Instructions to follow:
Copy word for word the lines of the records below, beginning at the one with "Happy Birthday Sujin" and finishing at the one with "ATTLADY Shapewear for", ends included, but none of the pictures.

Given records:
[Start of section]

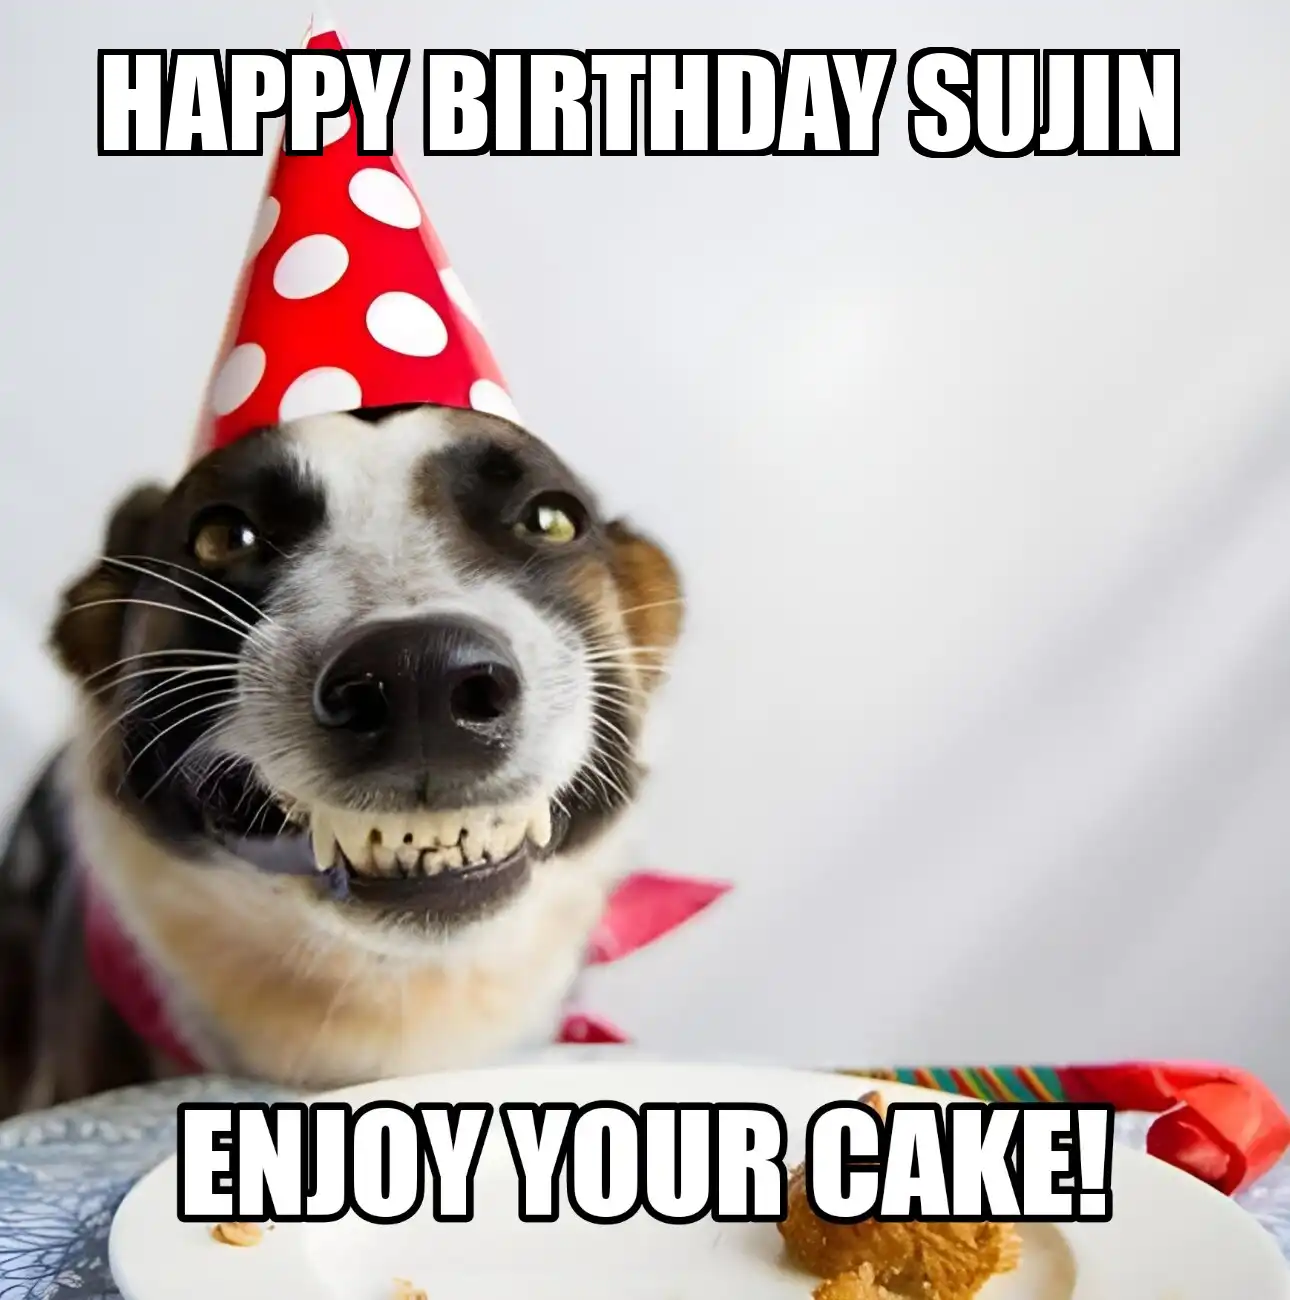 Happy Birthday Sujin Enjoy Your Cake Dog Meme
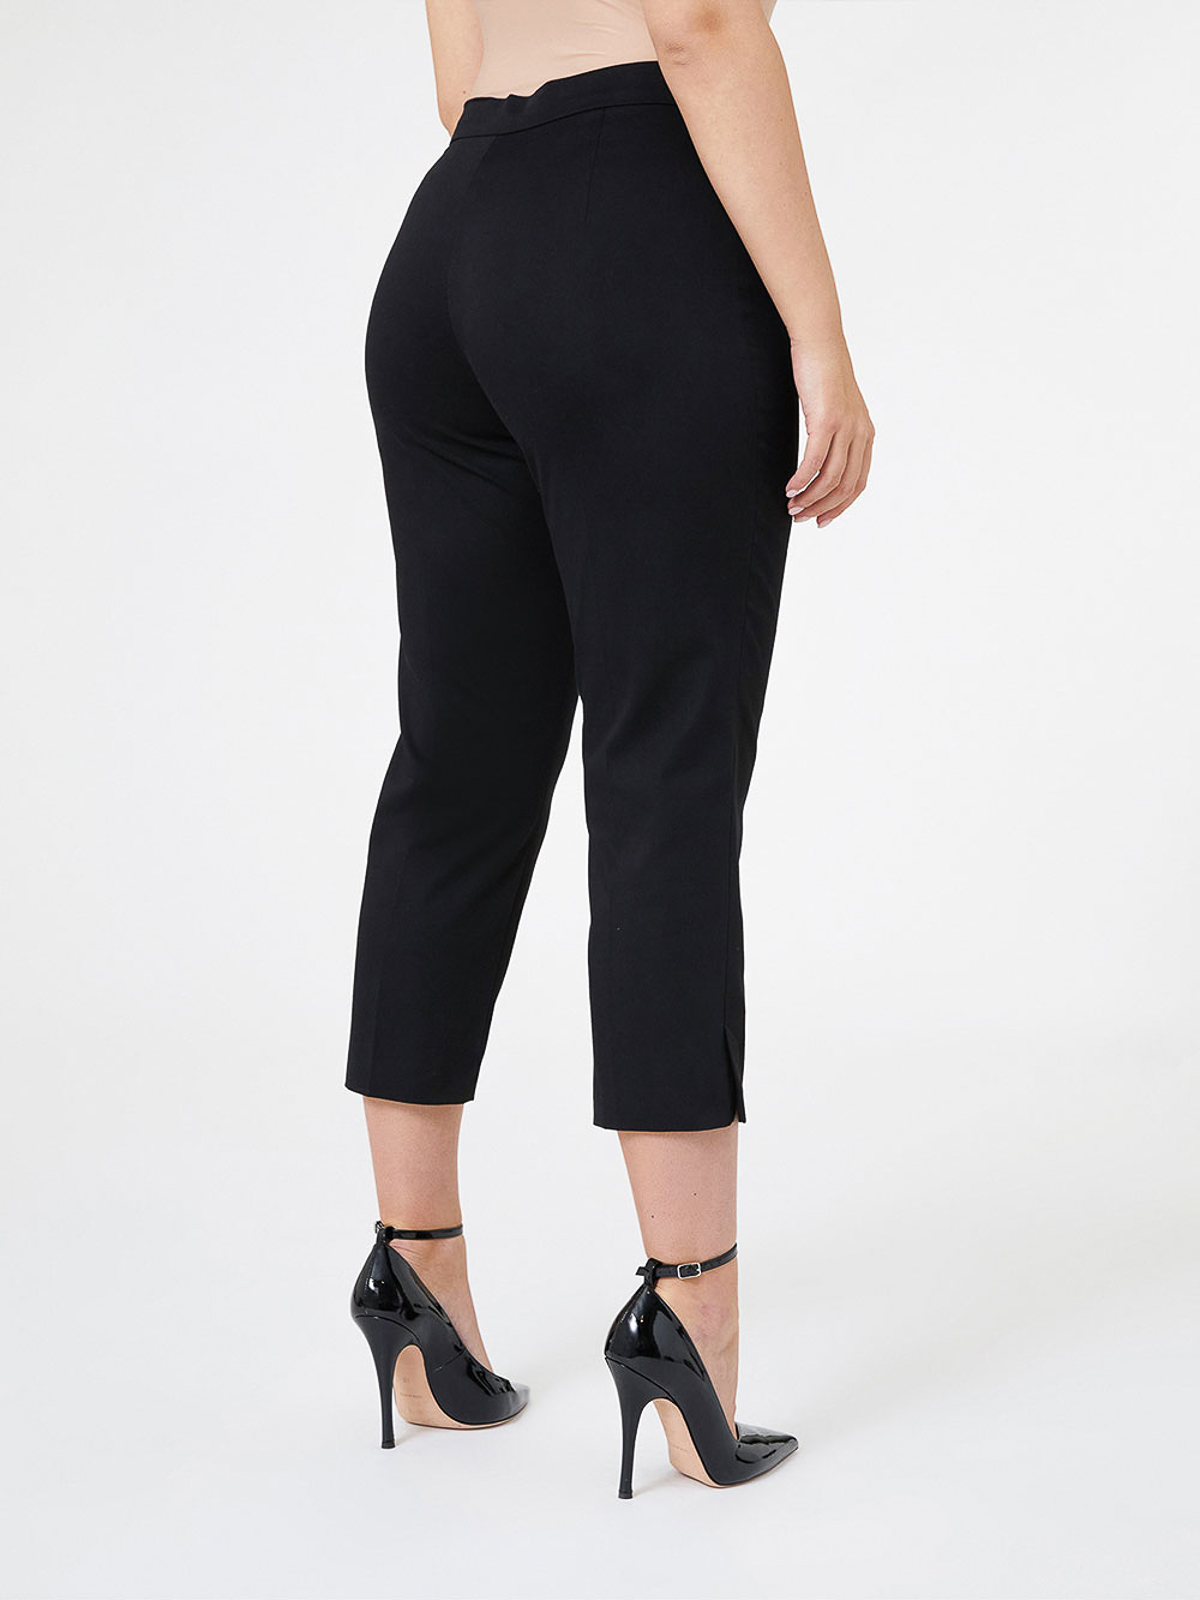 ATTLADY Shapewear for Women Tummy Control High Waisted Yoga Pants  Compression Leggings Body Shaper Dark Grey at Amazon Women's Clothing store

[End of section]
[Start of section]

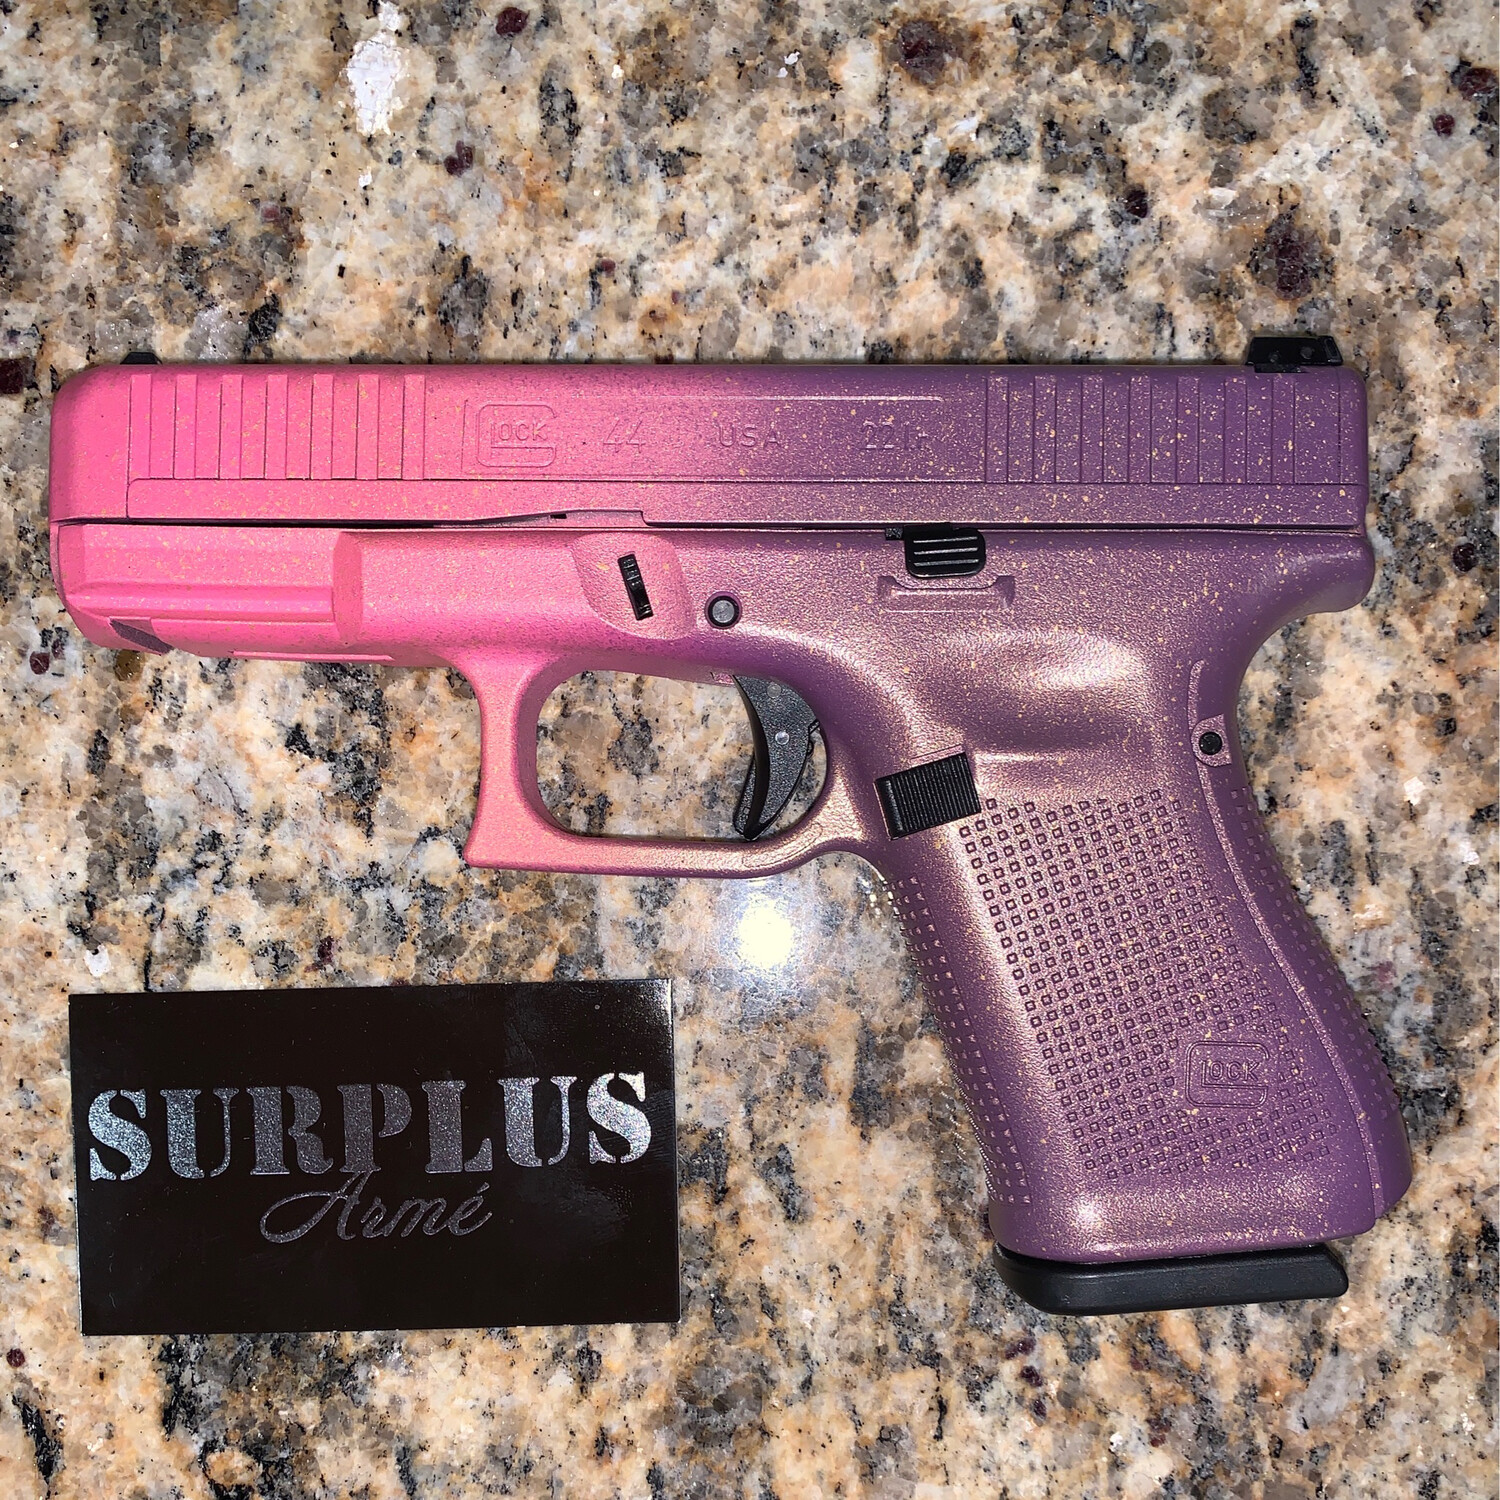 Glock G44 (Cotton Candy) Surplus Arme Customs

[End of section]

Output:
 Happy Birthday Sujin Enjoy Your Cake Dog Meme
 ATTLADY Shapewear for Women Tummy Control High Waisted Yoga Pants  Compression Leggings Body Shaper Dark Grey at Amazon Women's Clothing store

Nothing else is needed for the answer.